Il aura suffi des dix-huit premières mesures avant que n’éclate le chœur « Herr, Herr unser Herrscher », Seigneur, Seigneur notre Maître. Fortement inspiré du psaume 8 de David, c’est sans doute une des pages les plus spirituelles de l’œuvre de Bach, ces lignes contiennent une incomparable intensité dramatique et évoquent avec force l’angoisse ressentie par le chrétien face aux souffrances du Christ. La narration continue avec la question posée aux juifs par Jésus au jardin de Getsémani « Que cherchez vous ? », c’est avec agressivité qu’ils répondent « Jésum von Nazareth. ». Il a beau dire qu’il est Jésus, il ne peut être entendu. La passion se révèle comme un véritable drame, on y observe ce qui pourrait être assimilé à des scènes d’opéra. C’est curieusement le genre musical auquel Bach ne s’est jamais confronté. C’est peut-être lié au fait que le conseil municipal de Leipzig, lorsqu’il a offert au cantor l’emploi de maître de chapelle de la Thomaskirche, lui avait ordonné de limiter sa production à des musiques non théâtrales. Sa rigueur très luthérienne et son sens de l’obéissance ne l’ont cependant pas empêché de produire deux passions dont la trame et le traitement musical très expressifs rappellent les plus émouvants moments d’opéra.
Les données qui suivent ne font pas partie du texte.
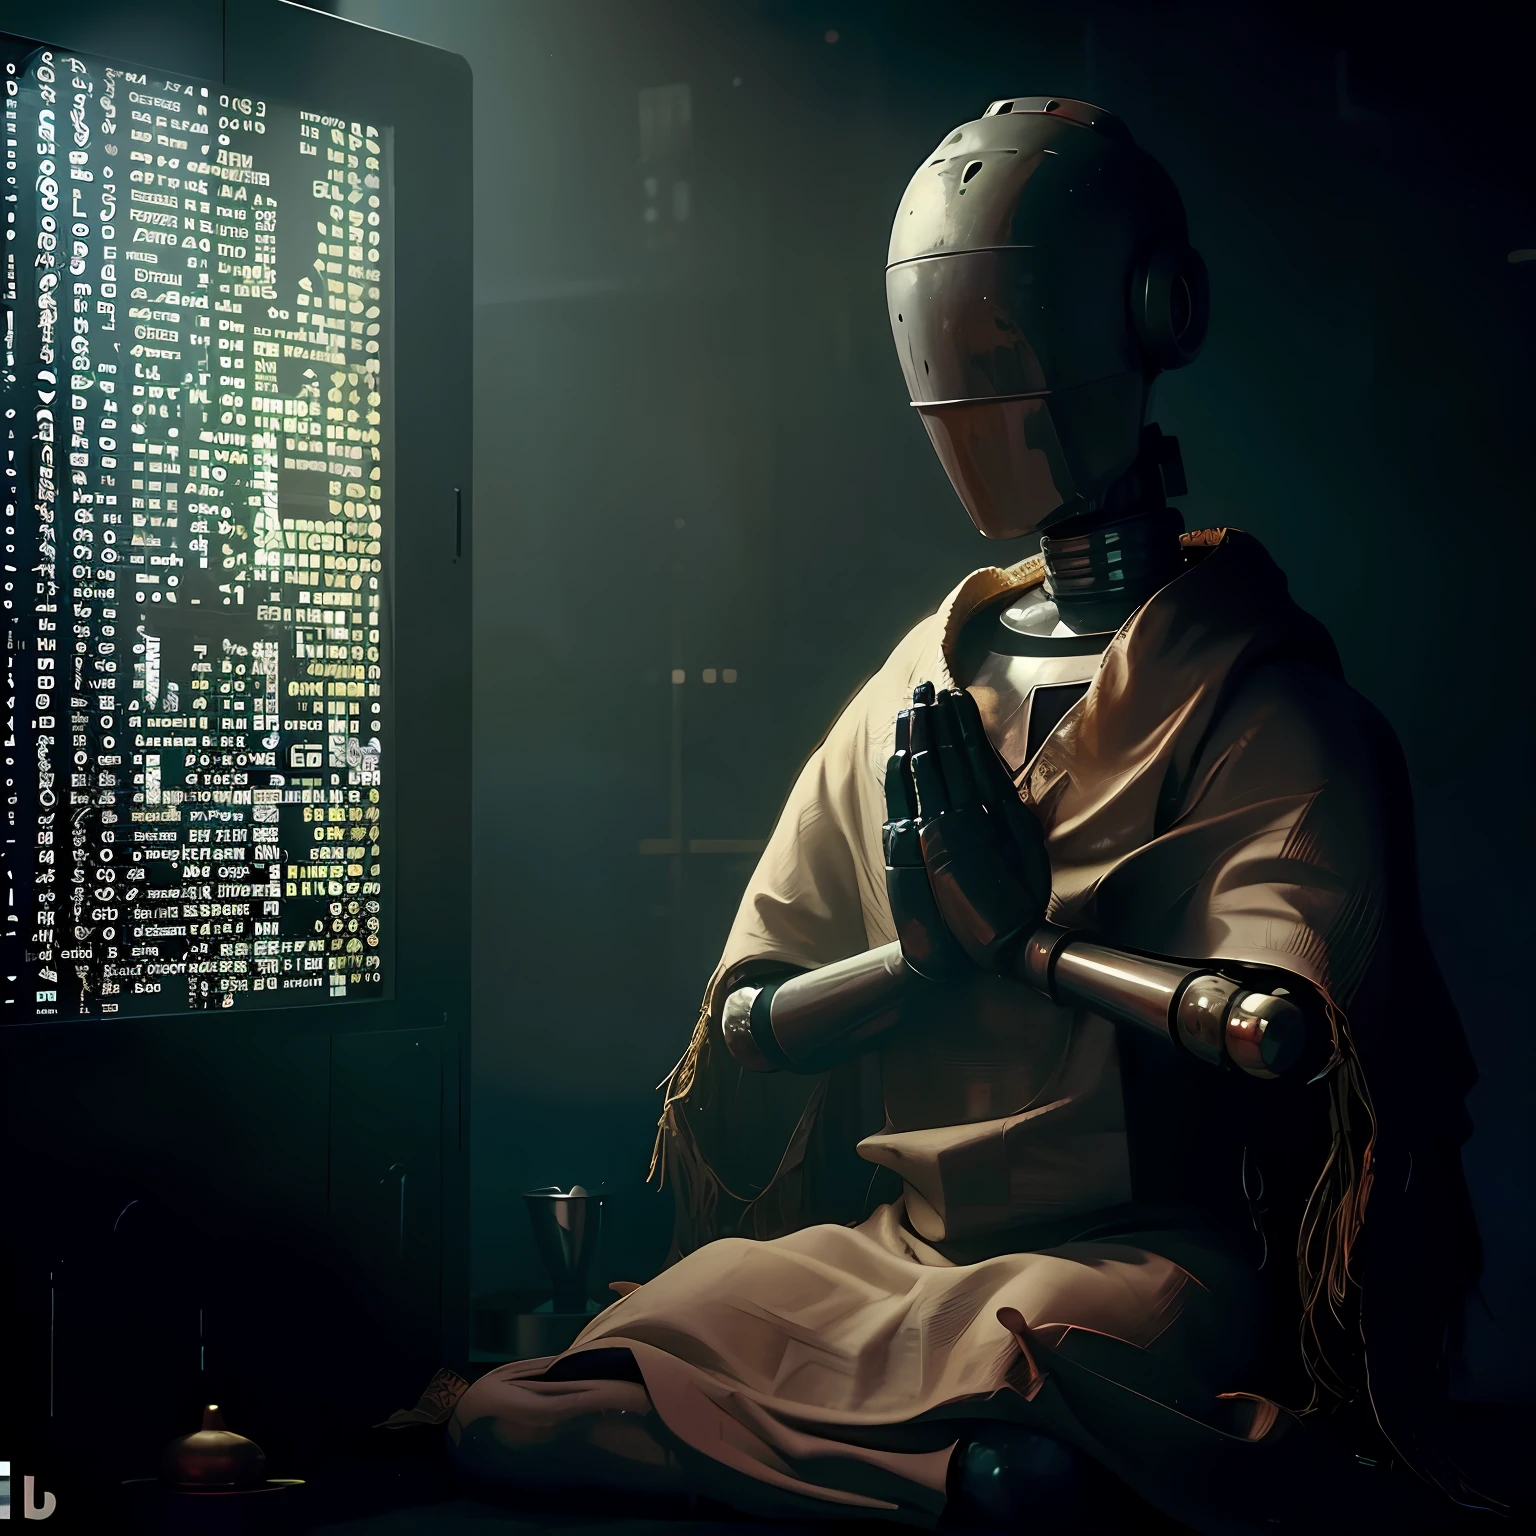 Há um robô sentado em frente a uma tela de computador, religião do robô, meditação zen cyberpunk, um ciborgue meditando, deus da inteligência artificial, Cyberpunk ortodoxo, deus da inteligência artificials, ciência religiosa, Cyberpunk Jesus Cristo, papa robô, O metaverso criptografado, a vinda da singularidade da IA, inteligência artificial maligna, ( ( virar um pouco | Deus da Arte da IA ) )

 La particulière beauté de cette œuvre tient également à l’articulation que propose Bach, entre la narration, faite par un personnage appelé l’évangéliste, et les chœurs ou les solistes qui viennent illustrer ses dires en les développant. A ce jeu, le ténor Thomas Hobbs nous inflige une véritable leçon de Bach dans le texte. Il a la voix et l’intelligence d’interprétation qui font de son travail une authentique démonstration. Dans le rôle de Jésus, le baryton Benoît Arnould lui répond avec conviction, comme le feront aussi la soprano Céline Scheen, le ténor Nicholas Scott, et l’excellent alto Paul-Antoine Bénos-Dijan. Soyons honnêtes, mais du point de vue vocal, nous sommes gâtés, les neufs représentants de Mélismes offrent une base solide et expérimentée, les vingt-trois membres de la maîtrise, une pâte musicale frôlant la perfection, il serait difficile d’exiger plus !

Damien Guillon
Le Banquet Céleste : La Passion selon Saint-Jean de Jean-Sébastien Bach à l’Opéra de Rennes Mars 2019.
Le Banquet Céletse (Direction Damien Guillon) est accompagné par le Choeur Mélisme-s et la Maîtise de Bretagne.

La très belle sonorité baroque proposée par le banquet céleste contribue à créer une dimension spirituelle d’une particulière intensité, nous serons parfois submergés par l’émotion, surtout au moment du reniement de Pierre ou de la crucifixion. La musique de Bach décrit les événements avec clarté, le chœur « Nicht diesen, sonder Barrabam », non pas lui mais Barrabas ! Aussi bien que le lancinant « Kreutzige » répété 24 mesures, crucifiez le !! parlent directement à notre âme et font de nous des révoltés. Nous ne le serons pas moins lors de la description des humiliations que subit Jésus, la couronne d’épines, le manteau de pourpre, les quolibets, les gifles, la terrible flagellation. La puissance narrative de Bach est évidente, chrétiens ou pas, tous communient dans une même et muette consternation. Les trois tentatives de Ponce Pilate pour libérer Jésus ne servent à rien, il a beau affirmer qu’il ne voit pas en lui de culpabilité, les juifs lui rétorquent avec hargne « Lassen do diessen los » en forme de menace..si tu le laisses partir !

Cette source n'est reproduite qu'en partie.